Data collection was anonymous, and all participants gave their informed consent electronically through our online platform before the task. Data were hosted and stored on a private server and were password protected and accessible only by the corresponding authors. The study was conducted in accordance with the ethical principles of the World Medical Association Declaration of Helsinki and was approved by the Ethics Committee of the Department of Psychology of the University of Bologna.
Experimental procedure
Participants performed an online web-version of the classical SST previously used in another recent study by our team (Battaglia et al., 2022a). The task was developed in-house using the jsPsych library version 6.1.0 (De Leeuw, 2015), based on JavaScript ES6,1 of a classical custom-made SST running local-only.

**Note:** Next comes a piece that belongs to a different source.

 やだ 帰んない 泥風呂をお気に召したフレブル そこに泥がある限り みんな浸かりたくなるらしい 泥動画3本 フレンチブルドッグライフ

In the present SST, Go stimuli consisted in the presentation of a black arrow pointing left or right, while two different body pictures (i.e., fearful/joyful and neutral expression) previously used in Borgomaneri et al., 2012, 2015a,b,c, 2017, 2020b, 2021 were used as Stop-signals (see Figure 1). Stimuli were edited to have the same shape, surface, complexity, colors, and contrast ratio with Blender (Blender Foundation, Amsterdam, Netherlands), and Adobe Photoshop CS6 software (Adobe, San Jose, California, USA).

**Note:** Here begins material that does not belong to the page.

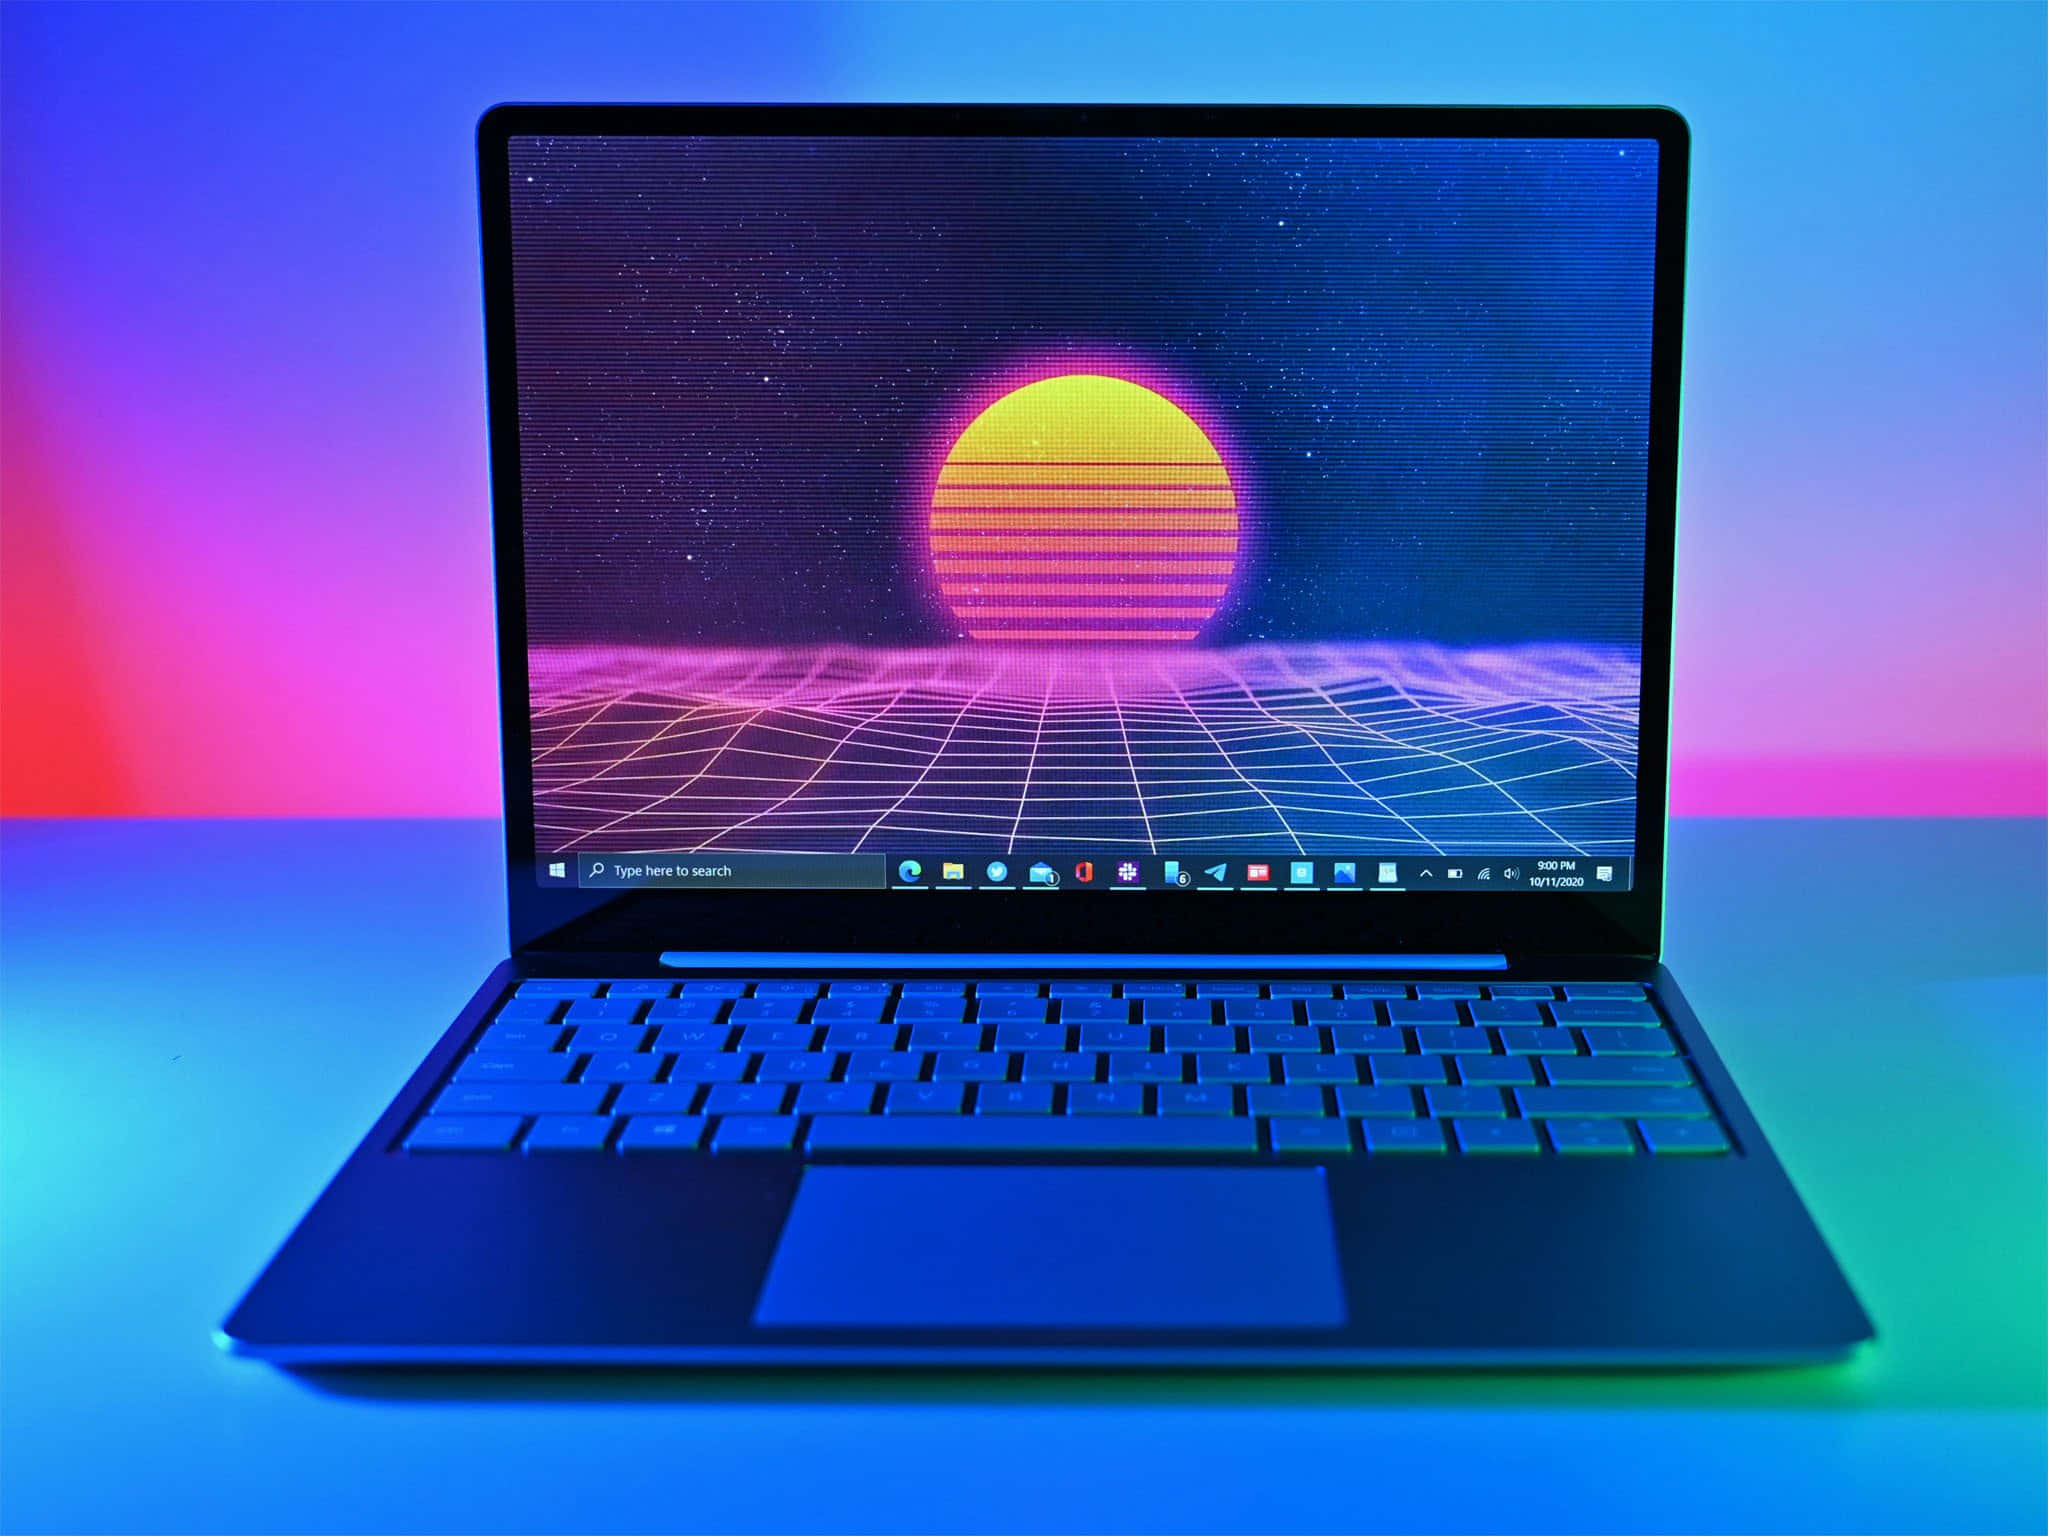 Laptopdi Alta Qualità Con Un Design Accattivante Per Migliorare La Tua Esperienza Informatica Ed Estetica.

Subjects were instructed to perform a simple reaction time (RT) task, which included both Go- and Stop-trials (Lappin and Eriksen, 1966; Logan and Cowan, 1984a; Logan et al., 2014; Verbruggen et al., 2019). They started with a short practice block (32 trials) and then performed four experimental blocks. Each block was composed of a total of 128 trials, of which 96 were Go-trials (75%) and 32 Stop-trials (25%), for a total of 384 Go-trials and 128 Stop-trials. Each trial started with a black dot centered on a blank white screen for 800 ms (i.e., fixation point). In Go-trials, participants were required to respond as quickly and accurately as possible to the direction of the black arrow appearing on the screen for 100 ms (i.e., Go-stimulus). During Stop-trials, participants were asked to inhibit their motor response when two different body pictures with either a fearful or happy expression (Borgomaneri et al., 2012, 2015a,b,c, 2017, 2020b, 2021), used as Stop-signals, were presented for 70 ms, after a variable Stop-signal delay (SSD) relative to the onset of the Go-stimulus (see Figure 2).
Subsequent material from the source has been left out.